* [THE DATA]
Content starts
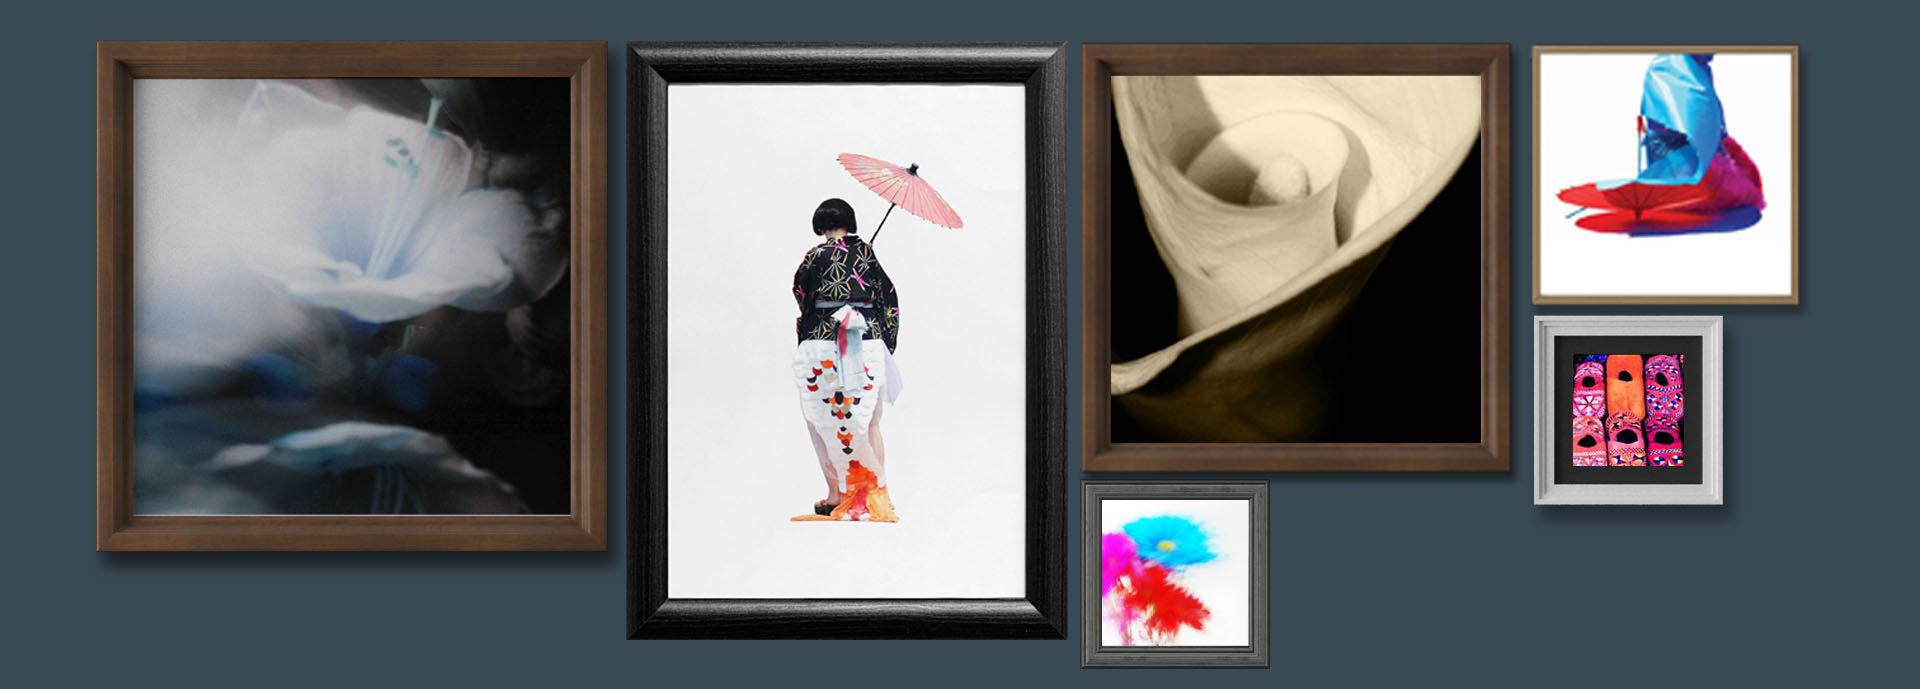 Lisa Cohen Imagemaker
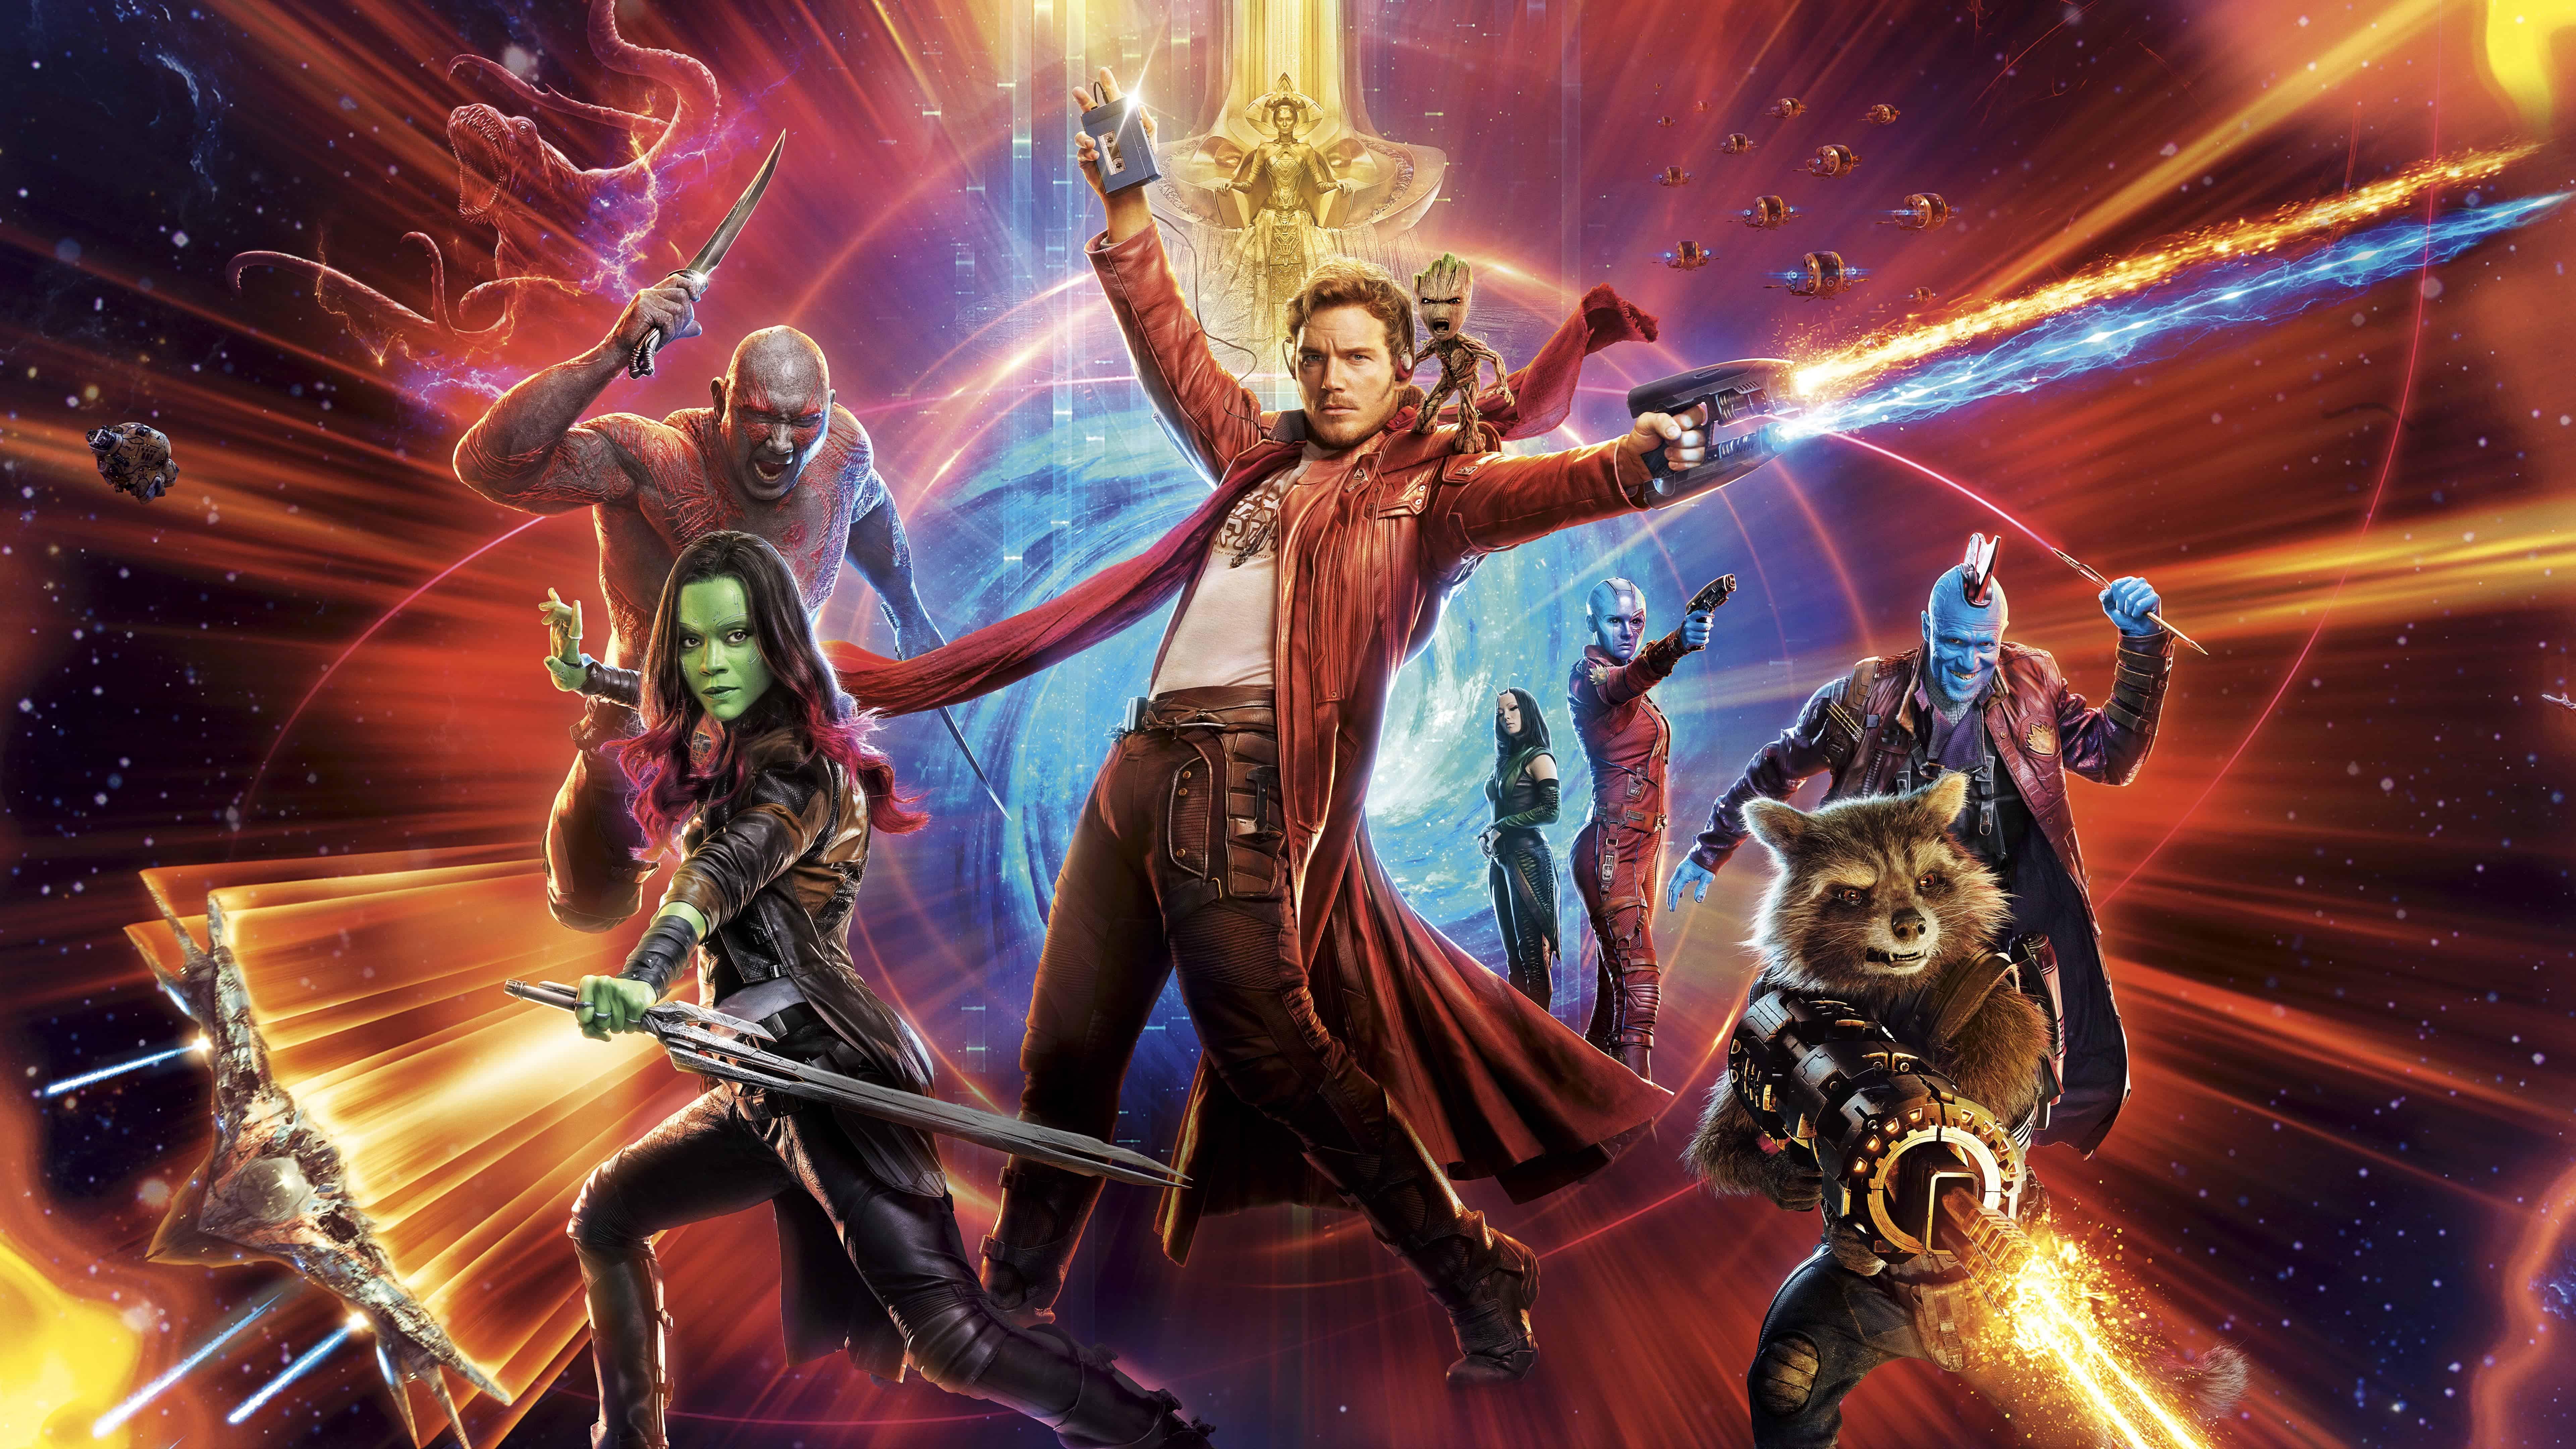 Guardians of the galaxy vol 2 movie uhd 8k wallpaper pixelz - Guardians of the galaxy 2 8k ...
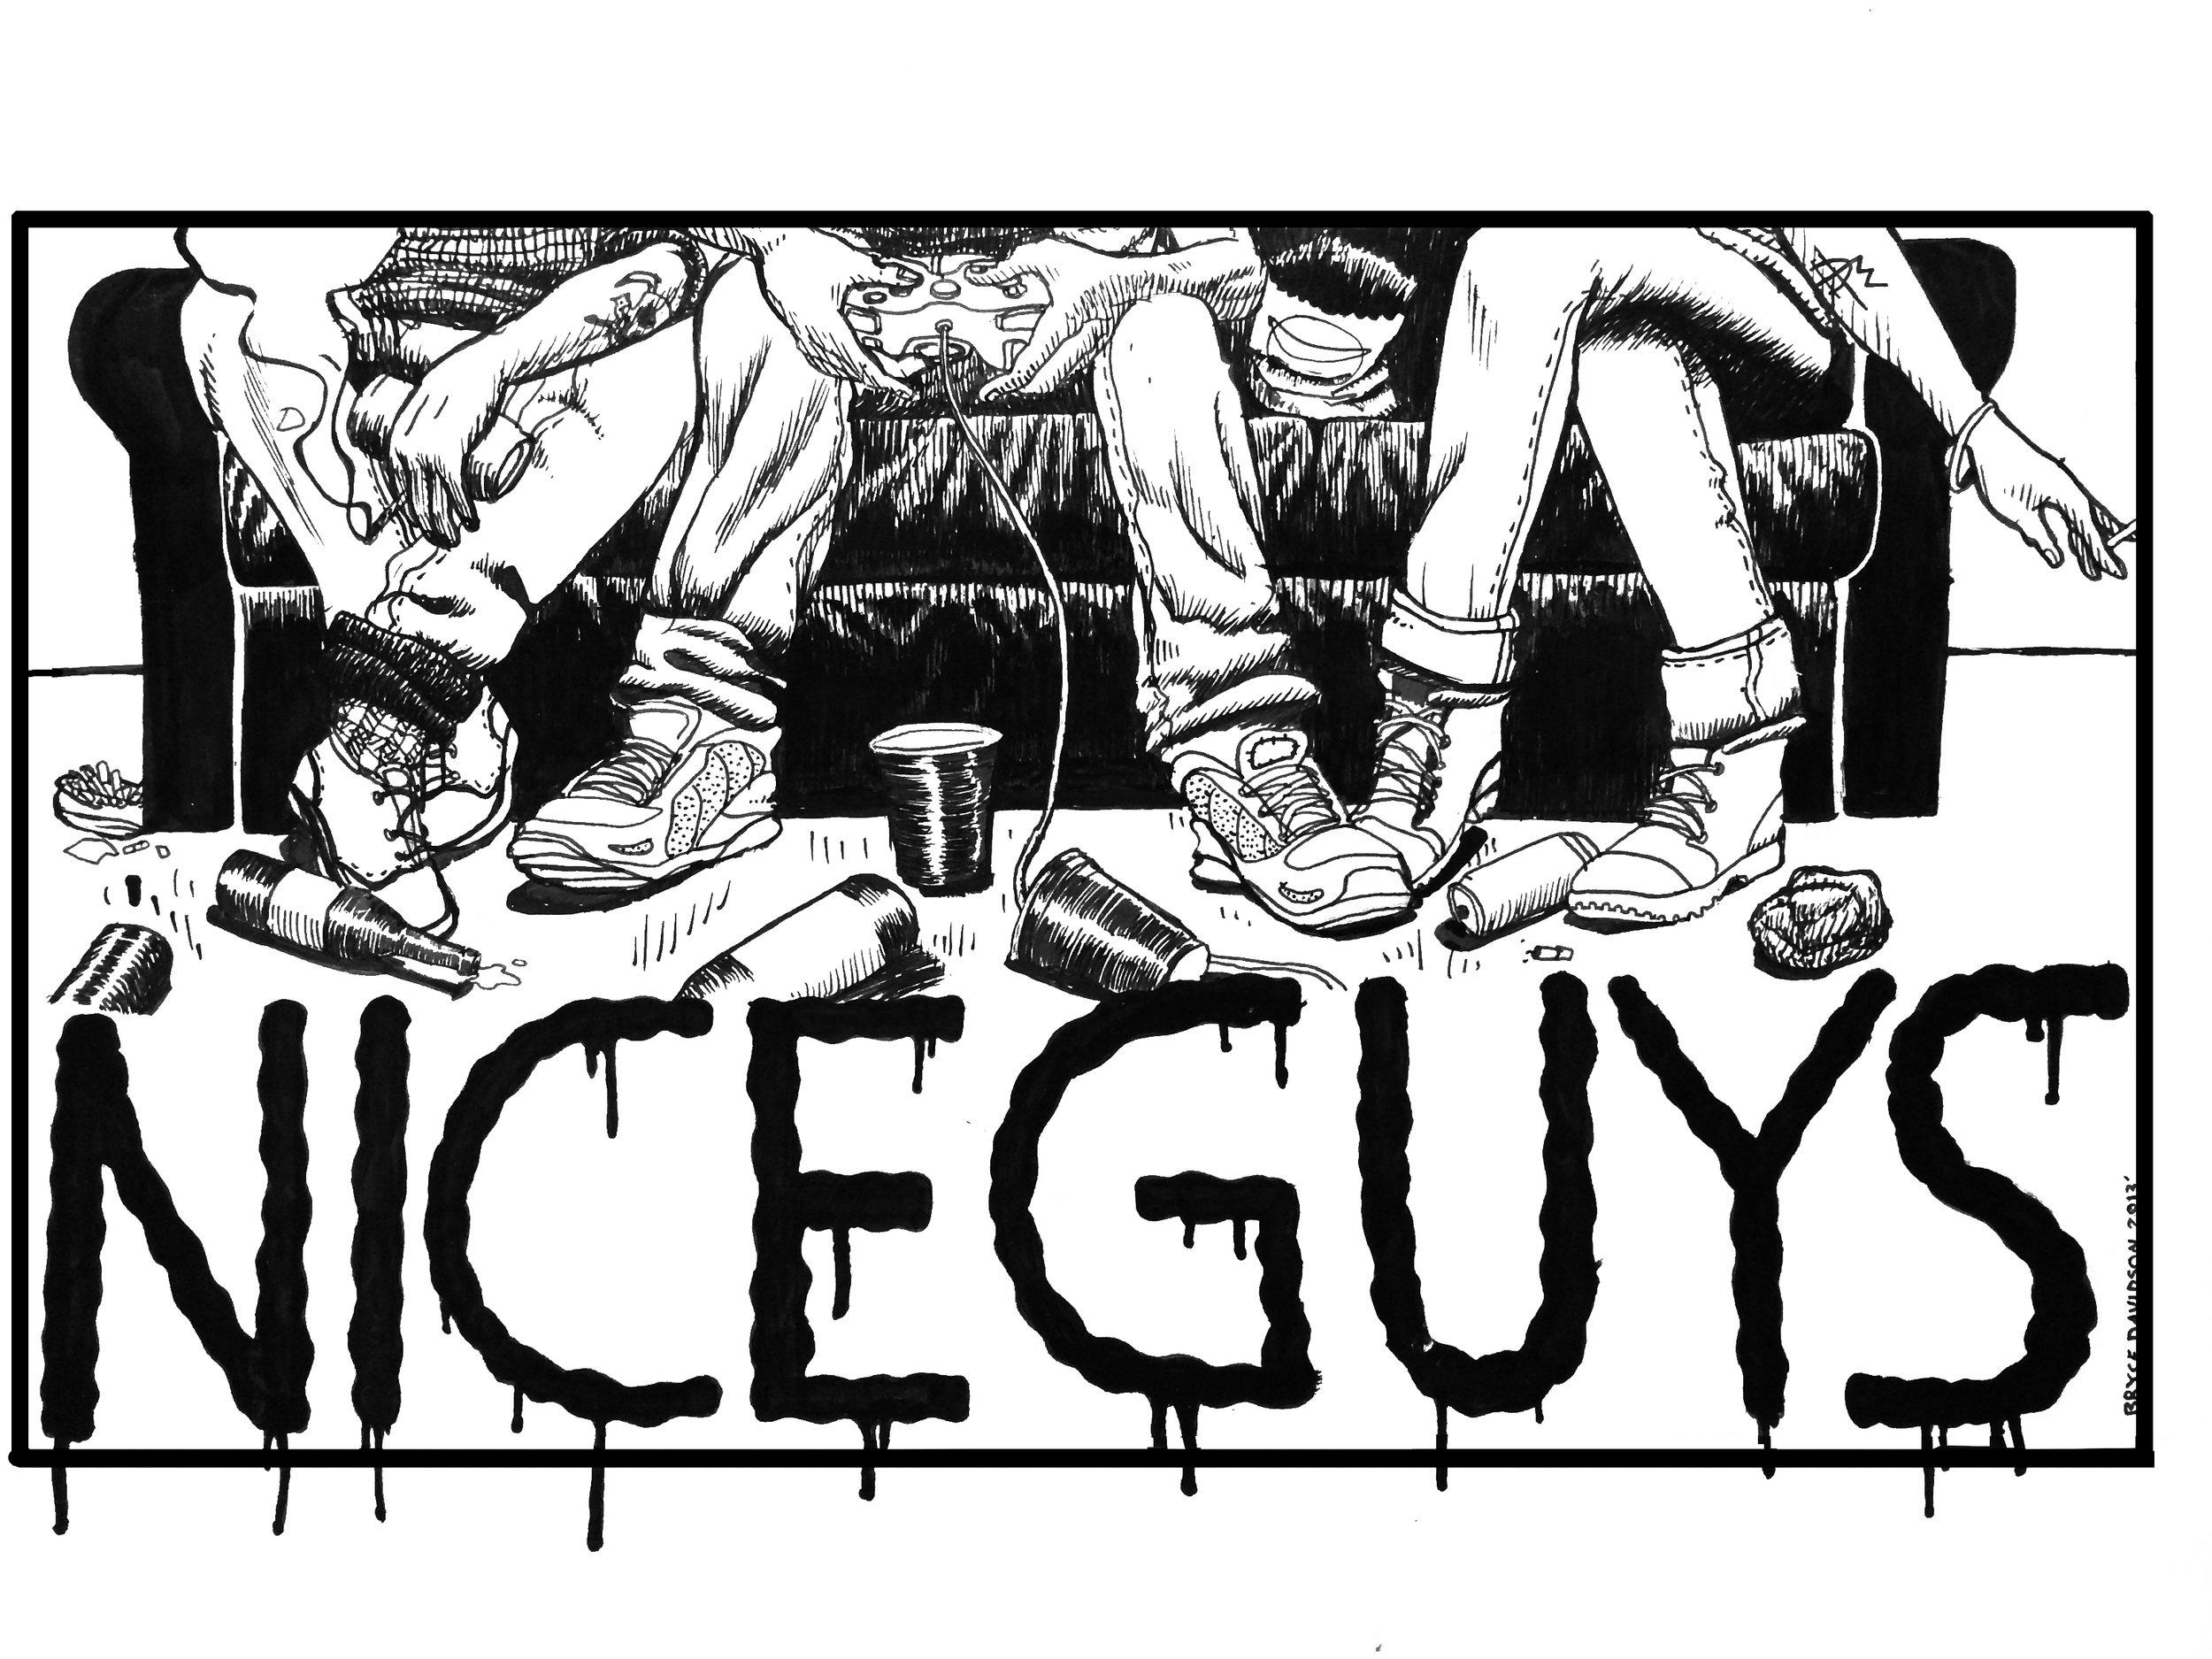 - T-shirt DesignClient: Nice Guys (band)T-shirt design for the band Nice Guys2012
Content ends
* [TASK DETAILS] Copy out, with no pictures, the lines from the one containing "Guardians of the galaxy vol" through the last line of the data above, both ends included and each word unchanged.

* [SOLUTION BELOW]
 Guardians of the galaxy vol 2 movie uhd 8k wallpaper pixelz - Guardians of the galaxy 2 8k ...
 - T-shirt DesignClient: Nice Guys (band)T-shirt design for the band Nice Guys2012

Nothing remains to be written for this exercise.